All this because his daughter had done nothing more than joke where the fish are hooked. And here Mr Hiroki was implying I spit blood onto the ground of the cabin where the fish were rinsed.
"If you are scared her spit might wash away some of the fish guts," said Mr Hiroko.
"take them home with you. I have got
sufficient more."
"It is not the fish guts, sir."
"I would say her blood will be the neatest thing to hit this ground since you or I were bred. Go ahead," Mr Hiroki said, this time speaking to me.
"Spit it out."
There I sat on that slimy table, sceptical about what to do. I thought it would be awful to disobey Mr Hiroki, but I am not sure I would have found the motivation to spit if one of the men had not crouched to the side and squeezed a finger against one nostril to blow his nose onto the floor.
After watching this, I could not tolerate wielding anything in my mouth a moment longer and spat out the blood just as Mr Hiroki had instructed me to do.
All the men stepped away in disgust except Mr Hiroki's associate, named Yoshiro. Mr Hiroki told him to go and fetch Dr Miura.
"I don't know where to find him," said Yoshiro, though what he implied, I think, was that he was not eager in helping.
I told Mr Hiroki the doctor had been at our cabin a few minutes earlier.
"Where is your home?" Mr Hiroki asked me.
"It is the little tipsy house up on the hills."

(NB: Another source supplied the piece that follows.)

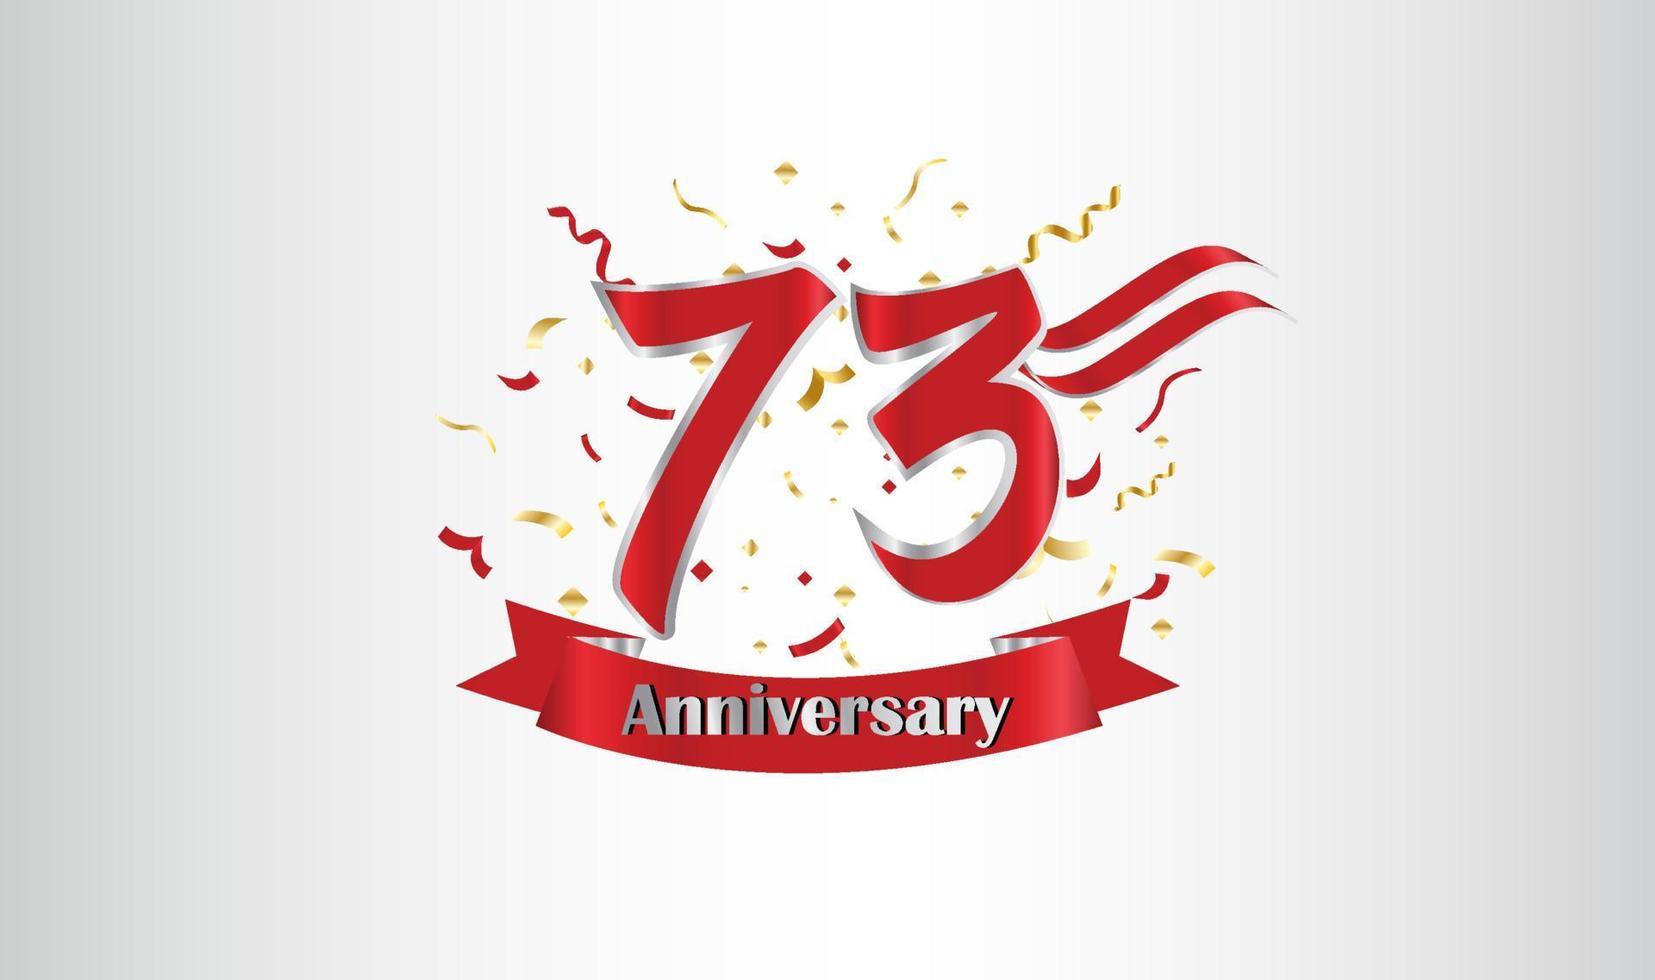 Anniversary celebration background. with the 73rd number in gold and with the words golden anniversary celebration. vector

"What do you mean . . . 'tipsy house'?"
"It is the one that crouches to the side like it's had too much to drink."
Mr Hiroki did not seem to understand what to make of this. "Well, Yoshiro, shuffle up toward Masumi's tipsy house and look for Dr Miura.
You won't have difficulty finding him. Just listen for the sound of his sufferers crying out when he thrusts them."
I visualized Mr Hiroki would go back to his work after Yoshiro had left; but rather he stood near the table a long while staring at me. I felt my face starting to burn.
Eventually, he said something I thought was very smart.
"You have got an eggplant on your face, little daughter of Masumi."
He went to a drawer and took out a small mirror to show it to me. My lip was puffy and blue, just as he had said.
"But what I wish to know," he went on,
"is how you came to have such incredible eyes, and why you don't look more like your father?"
"The eyes are my mom's," I said.
"But as for my father, he is so crumpled I have never known what he looks like."
"You will be crumpled yourself one day."
"But some of his wrinkles are the way he is made," I said.
"The back of his skull is as old as the face, but it is as shiny as an egg."
"That is not a civil thing to say about your father," Mr Hiroki told me.
"But I think it is true."
Then he whispered something that made my face flush so red, I am sure my lips looked pale.
"So how did a crumpled old man with an egg for a head father a gorgeous girl like you?"
In the years since I have been called gorgeous more frequent than I can recall. Though, of course, Geigi is always called gorgeous, even those who are not.
But when Mr Hiroki said it to me, before I had ever believed of such a thing as a Geigi, I could almost believe it was valid.